WhatsApp has had more than a few hacks and scams associated with it since its inception in 2009. A recent scam from this past February spread malware by way of legitimate-looking links integrated into conversations. The malicious link blends in perfectly with the conversation loop and appears to be coming from your friend. Clicking the link directs users to “coupon” websites, offering 15% off purchase at Banana Republic, H&M and other retailers. Can you guess what happens next? Sure you can! Now you get to a page where you have to fill out your personal details. You dutifully fill out your details and the website begins to download malware to your device. And remember? They have your personal details, too!

In another WhatsApp scam that recently surfaced, scammers sent emails to users, alerting them to missed calls and messages. To retrieve the messages a user clicks a link, and you already know the punchline – the link directs the users not to their “missed calls” but rather to a website brimming with malware. Can we get some creativity here, please?

Then there are the many chain-letter scams, purportedly from WhatsApp founders Jan Koum and Brian Acton themselves, informing users that WhatsApp has too many users, or is going to start charging or is closing down, and to stop this from happening you need to forward the message to 10 contacts… Um, since when did sending 10 SMS’s ever stop a company from shutting down or charging you for something?? Answer: Never. True, in the chain letter scam, as of yet there doesn’t seem to be any malicious payload associated but you sure will look silly when you beg your contacts to “SAVE WHATSAPP!”

What can you do?
Don’t open links in WhatsApp messages unless it’s very transparent who the sender is and avoid all messages that claim you have won a prize or lottery or a baby gorilla. Links that direct to coupons are also almost always ill-intentioned so keep away. Also make sure you know any contact requests you approve.

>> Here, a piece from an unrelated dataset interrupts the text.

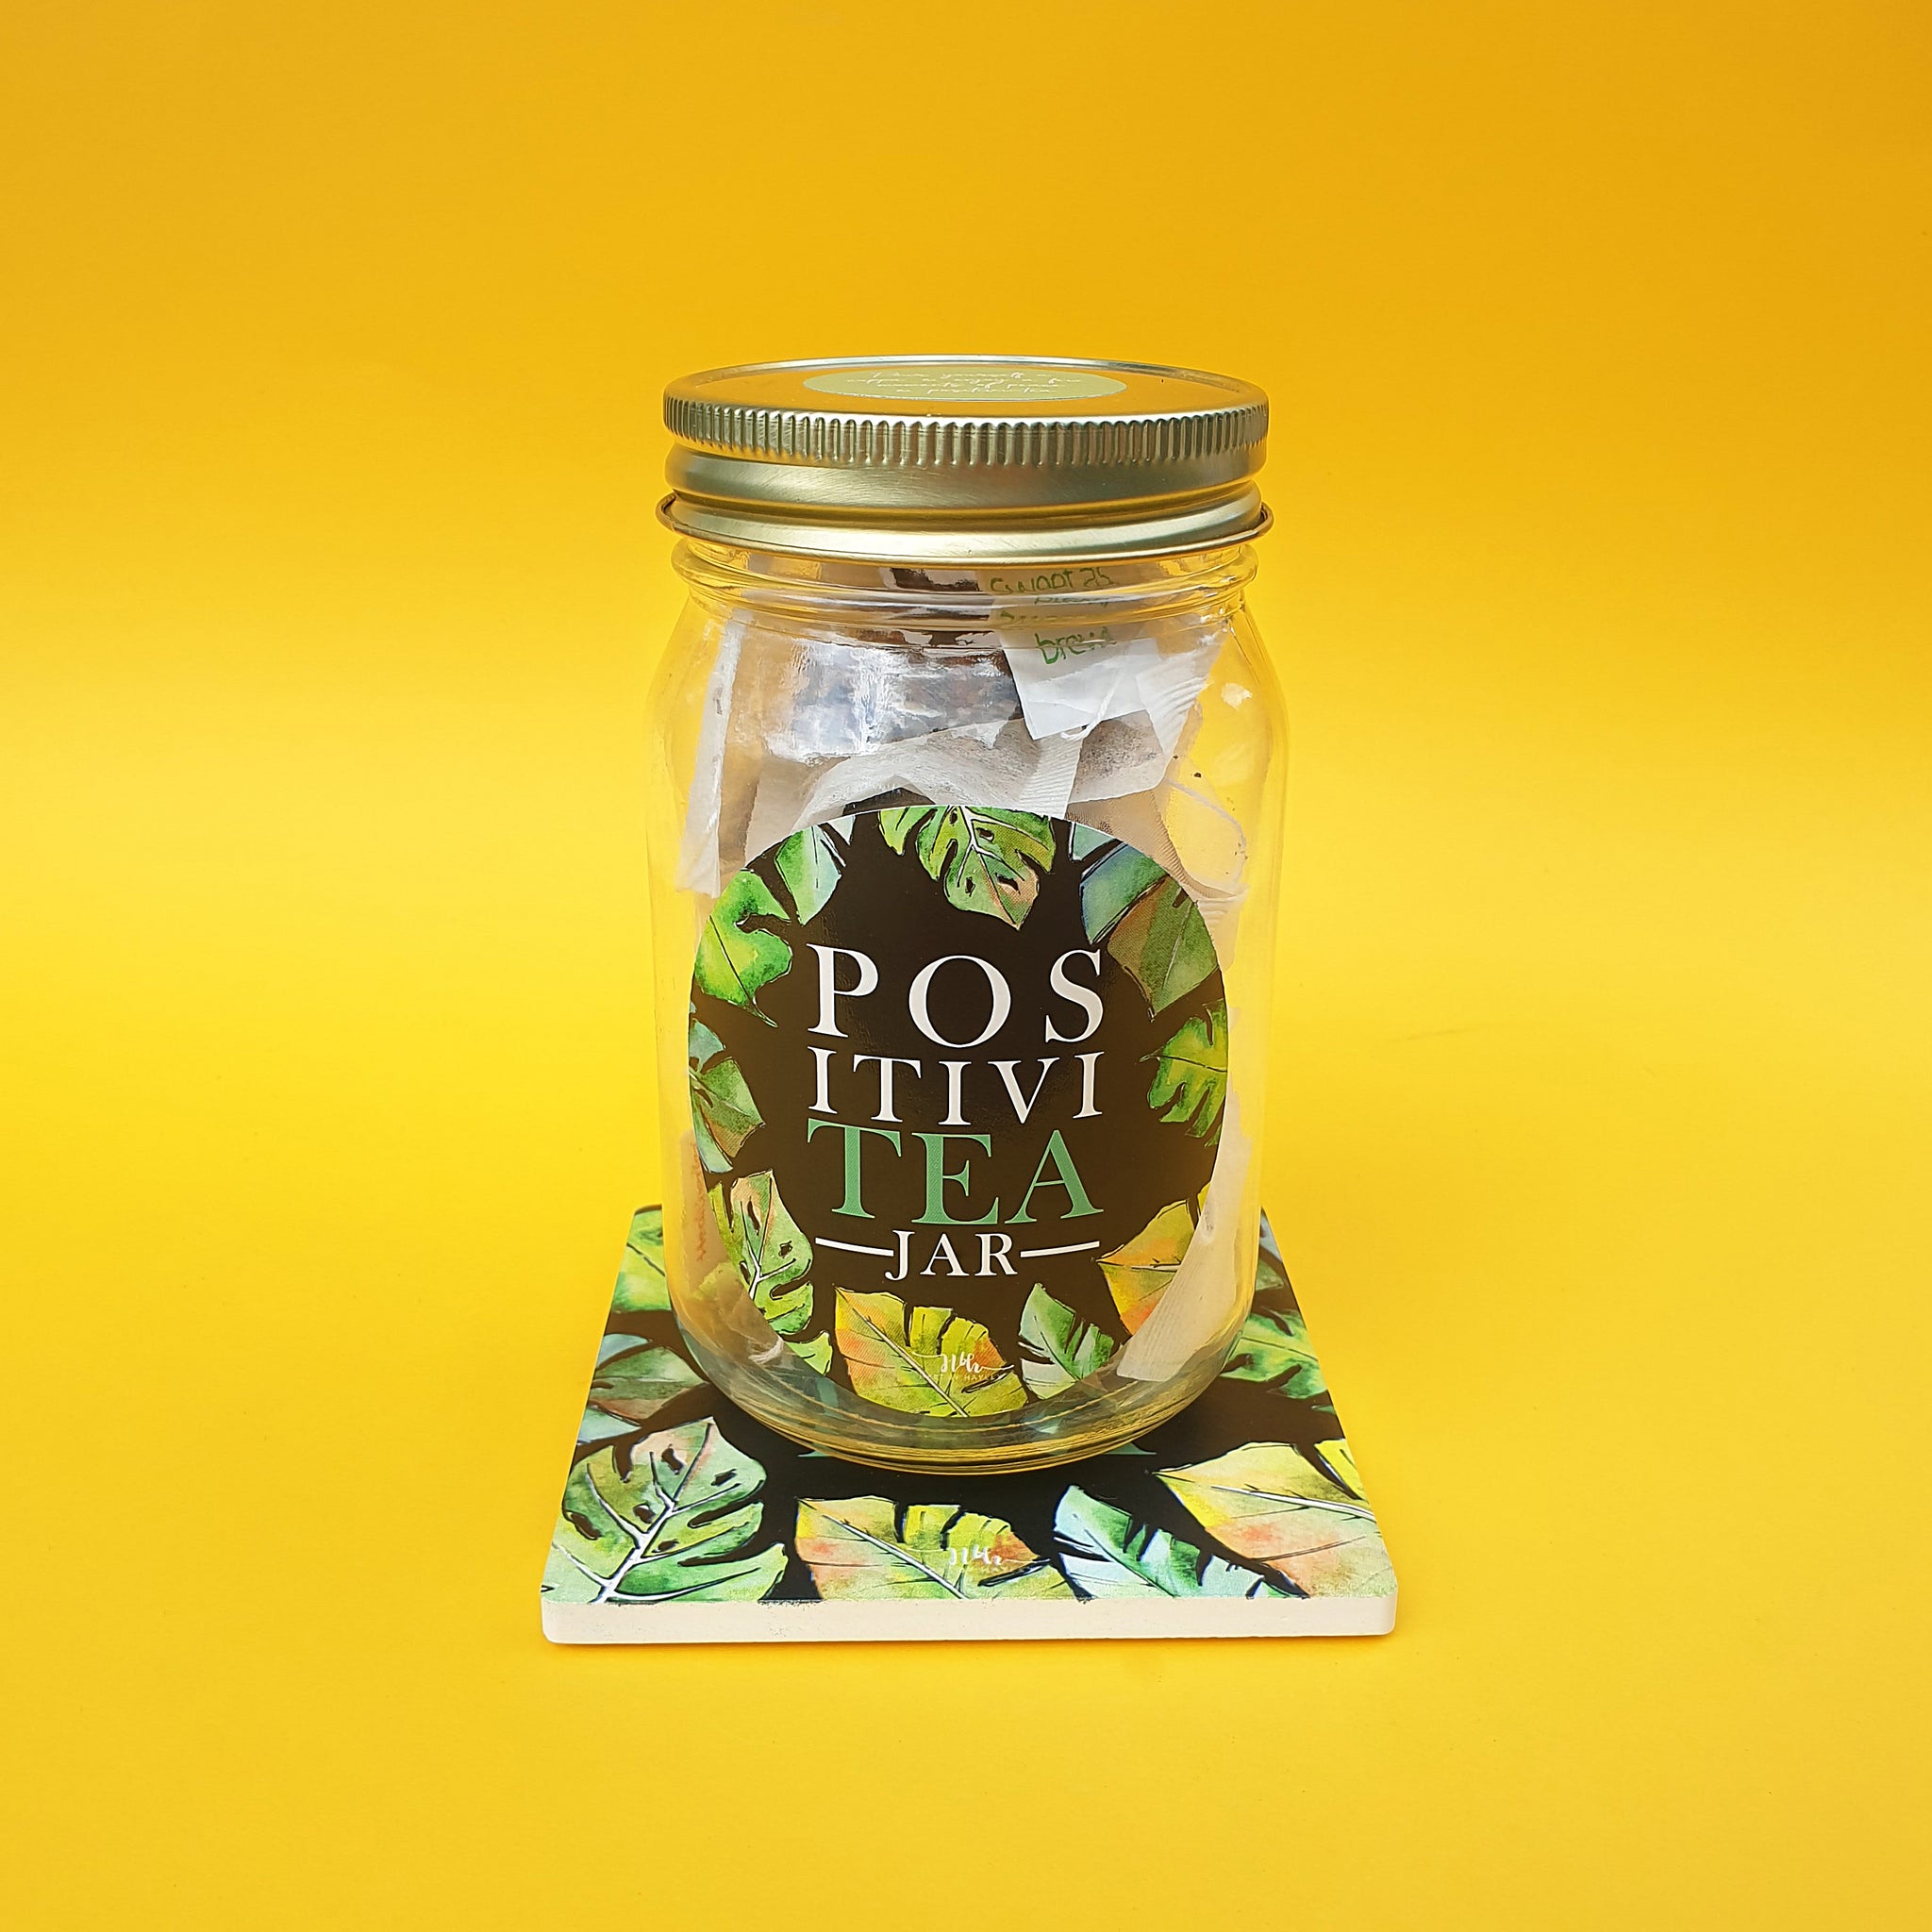 LUCKY DIP tea filled "PositiviTEA" jar with ceramic coaster

Skype – Okay, so let’s hear the question one more time… “Is Skype really considered social media? “ Well if you define social media as any platform that connects people and ideas, allows users to share files and pictures, can be used to send texts and to make regular and video calls to multiple people at the same time, thus fulfilling many of the same functions as Facebook, Twitter and Google+, then Skype surely qualifies.

And in terms of scams, boy oh boy, does Skype ever qualify. That there are so many scams on the platform shouldn’t be very surprising. Just think about it. Social media + live video = a whole lot of room to confuse, confuddle and blackmail people.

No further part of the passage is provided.